Revision history for this message
Dolph Mathews (dolph) wrote :

I was hoping to find one in gerrit that wasn't linked to the bug, but I don't see one yet either.

Revision history for this message
Anithra P Janakiraman (janithra) wrote :

Hi Dolph, Clint,
 We havent submitted the patch yet, having some issues setting up the environment to run the unit tests. Will upload shortly. Sorry!

Revision history for this message
Dolph Mathews (dolph) wrote :

While I appreciate that you want to run the unit tests offline, I'm also anxious to see this patch and would suggest that you upload it anyway, mark it as Work In Progress and let OpenStack-infra run the tests in the mean time :)

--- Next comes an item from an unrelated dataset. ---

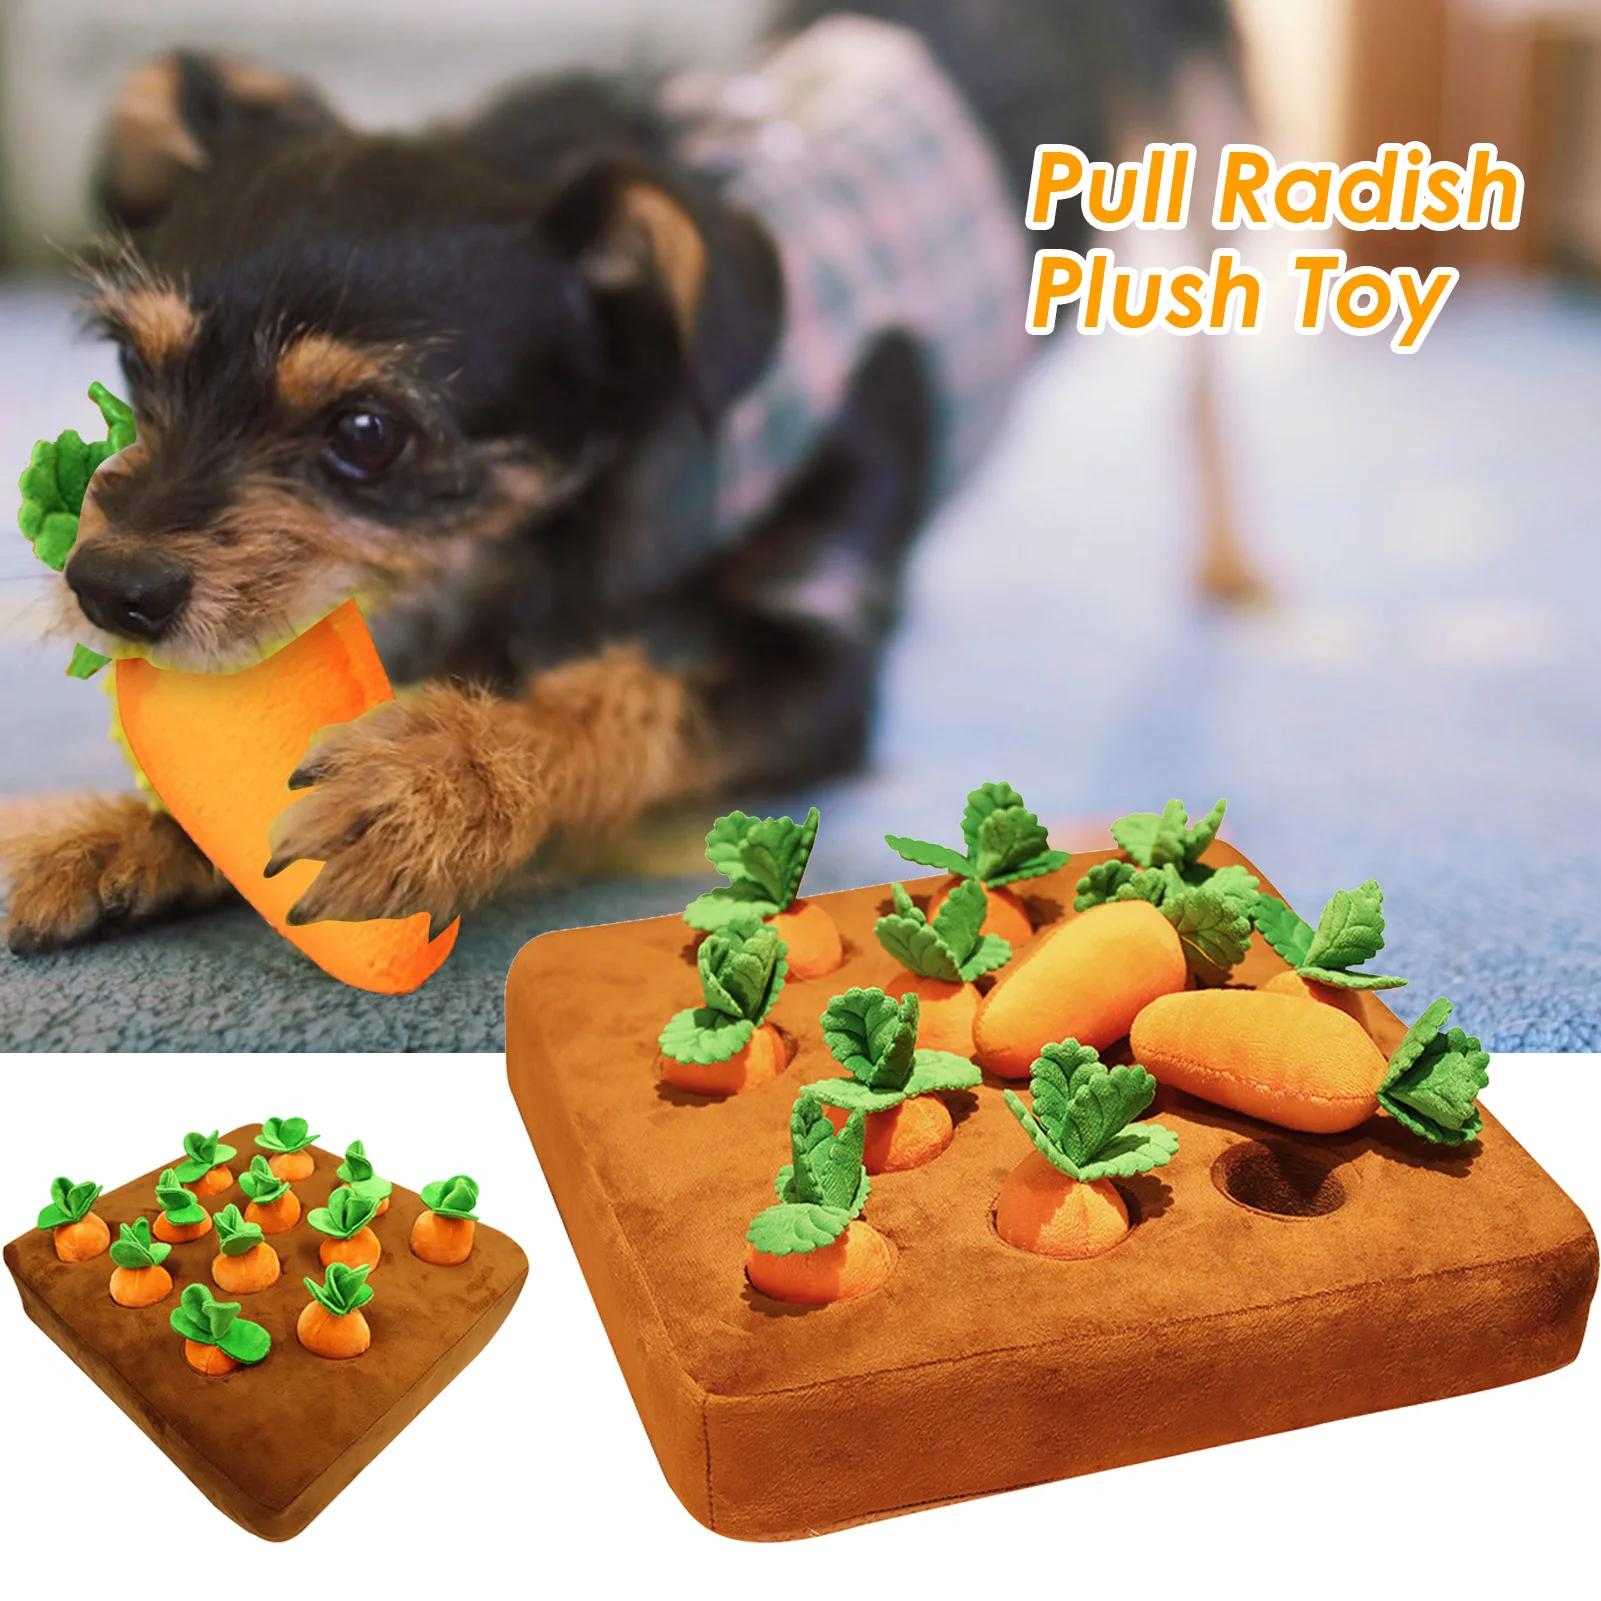 

Pet Dog Toys Carrot Plush Toy Vegetable Chew Toy For Dogs Snuffle Mat For Dogs Cats Durable Chew Puppy Toy Dogs Accessories

Revision history for this message
Dolph Mathews (dolph) wrote :

This is closely related to bug 1471665 in that a solution to this bug will provide some relief there (although we still likely need a sledgehammer-type solution to actually close that one).

Revision history for this message
OpenStack Infra (hudson-openstack) wrote : Fix proposed to keystone (stable/kilo)

Fix proposed to branch: stable/kilo
Review: https://review.openstack.org/232566

Revision history for this message
OpenStack Infra (hudson-openstack) wrote : Fix proposed to keystone (master)

Fix proposed to branch: master
Review: https://review.openstack.org/232715

Changed in keystone:
status: Triaged → In Progress
Revision history for this message
OpenStack Infra (hudson-openstack) wrote : Change abandoned on keystone (stable/kilo)

Change abandoned by Anithra P Janakiraman (<email address hidden>) on branch: stable/kilo
Review: https://review.openstack.org/232566
Reason: Abandoning patch for the kilo Branch, As per Steve's suggestion will backport the patch from master.

Revision history for this message
Adam Young (ayoung) wrote :

Before we make any changes here, can someone please verify that this is in-fact, a bug. There is a MEMOIZE call on the tree building function that should prevent the tree from being built every time.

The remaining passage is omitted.